Can pyogenic osteomyelitis of skull die?

Update Date: Source: Network

summary

Most of the suppurative osteomyelitis of skull comes from direct infection, such as open skull fracture, infection after craniotomy or craniotomy, infection after skull traction, and infection due to exposure of skull due to failure of radiotherapy and skin transplantation. Osteomyelitis of the skull can occur in any part of the skull, but the frontal and parietal bones of the cranium are the most common. Can pyogenic osteomyelitis of skull die?

Can pyogenic osteomyelitis of skull die?

Suppurative cranial osteomyelitis is a kind of nonspecific inflammatory reaction caused by pathogenic bacteria invading into the skull through various ways. Staphylococcus aureus, Streptococcus and Escherichia coli are the most common pathogens. Other pathogens include Pseudomonas aeruginosa, Staphylococcus albicans, anaerobic bacteria, etc. there are also mixed infections of a variety of pathogenic bacteria. It is often due to the head and face furuncle, paranasal sinusitis, oral pharyngitis and other parts of the body and the head wound suppurative infection, bacteria through the spread and blood dissemination into the skull, and then through the vein into the barrier to form thrombosis and suppuration, blocking the blood supply of the inner and outer plate and the barrier, the further development of inflammation makes the pressure in the barrier increase and expand to the surrounding, It leads to the destruction of the bone plate and the formation of dead bone, so that the inflammation spreads to the subperiosteal and intracranial, causes the inflammation under the scalp, further develops into abscess, forms the chronic sinus after the rupture and invades to the intracranial, causing intracranial complications. But the most common clinical reasons are incomplete debridement in the early stage after open craniotomy and contamination of wound during or after craniotomy.

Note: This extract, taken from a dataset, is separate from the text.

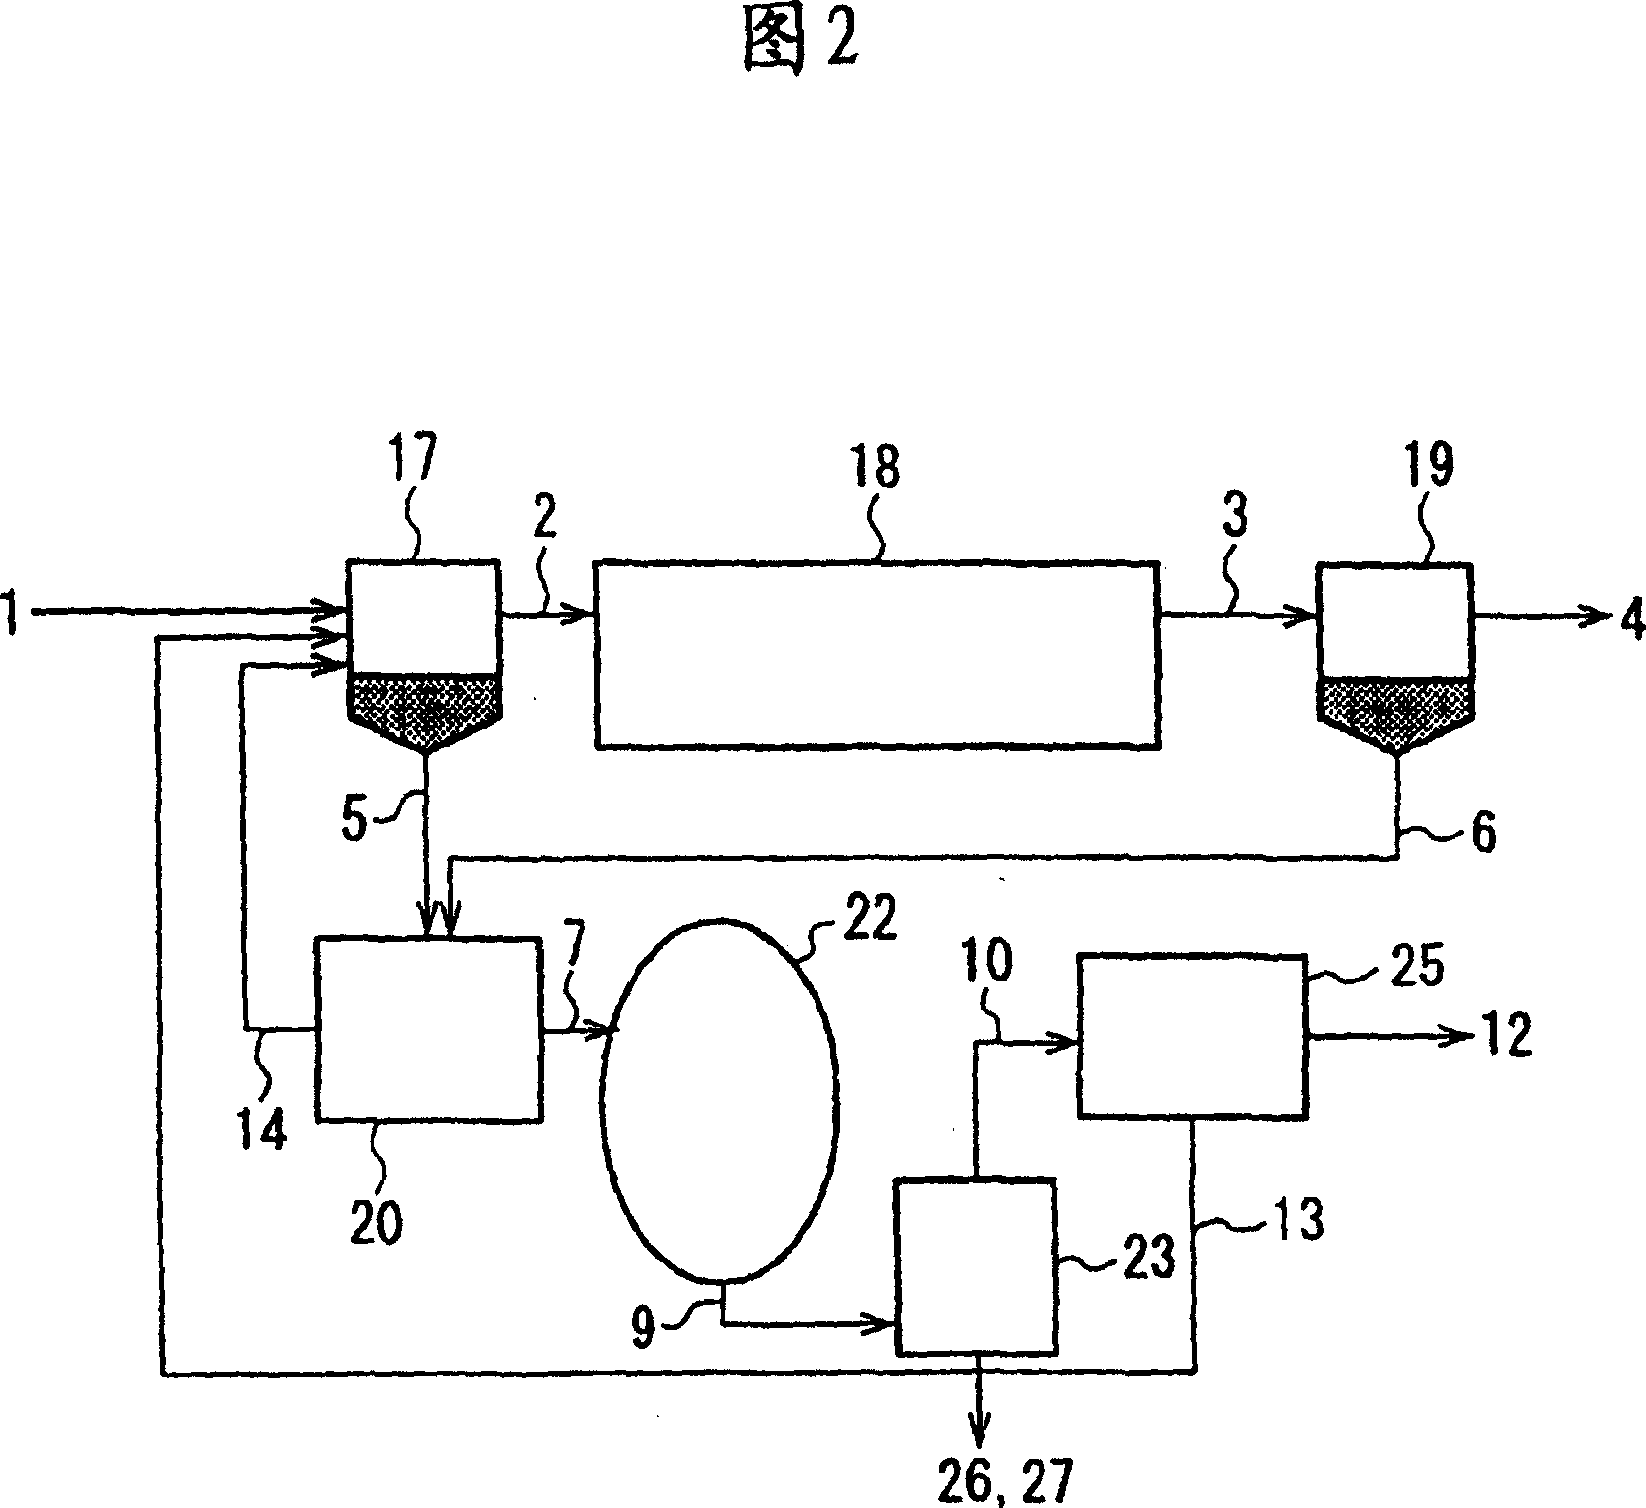 Method and apparatus for treating organic drainage and sludge

Morphologically, it can be divided into destructive type and proliferative type, fulminant type and localized type. In general, local scalp swelling, subcranial abscess with wave motion and chronic sinus can be seen. In its adjacent parts, there are single or multiple skull defects of different shapes and sizes. Among them, there are free bone fragments, and the skull shows uneven wormhole like damage. The skull was grayish yellow, lusterless, soft and containing pus. There was a large amount of yellow viscous pus in the sinus and outside the dura, granulation tissue hyperplasia and dura thickening became brittle. Under the microscope, there were a lot of pus ball exudation and leukocyte infiltration, fibrous connective tissue and vascular hyperplasia, trabecular bone destruction, normal structure blurred.

Typical osteomyelitis of the skull is not difficult to diagnose. In the patients with contaminated open craniocerebral injury or craniocerebral operation wound, the postoperative body temperature increased, the peripheral blood leukocytes increased, the wound was red, swollen, hot, painful or dehiscent, the pus did not heal for a long time, and there were head and face boils or purulent infection in other parts of the body. At the same time, the body temperature increased, accompanied by localized head swelling, hot and painful, and gradually became a fluctuating sub scalp abscess, And then burst and often discharge yellow or yellow green sticky pus and small dead bone, supplemented by skull X-ray, CT, MRI examination.

matters needing attention

For infectious diseases, early debridement and effective antibiotic treatment are helpful to prevent suppurative osteomyelitis of skull. Regular life, food and daily life, work and rest, moderate physical exercise, do not take part in strenuous exercise, maintain sleep quality, light diet, rich nutrition, prohibition of smoking, drinking, strong tea, coffee, must be regularly reviewed, once there are signs of disease, must actively cooperate with the treatment.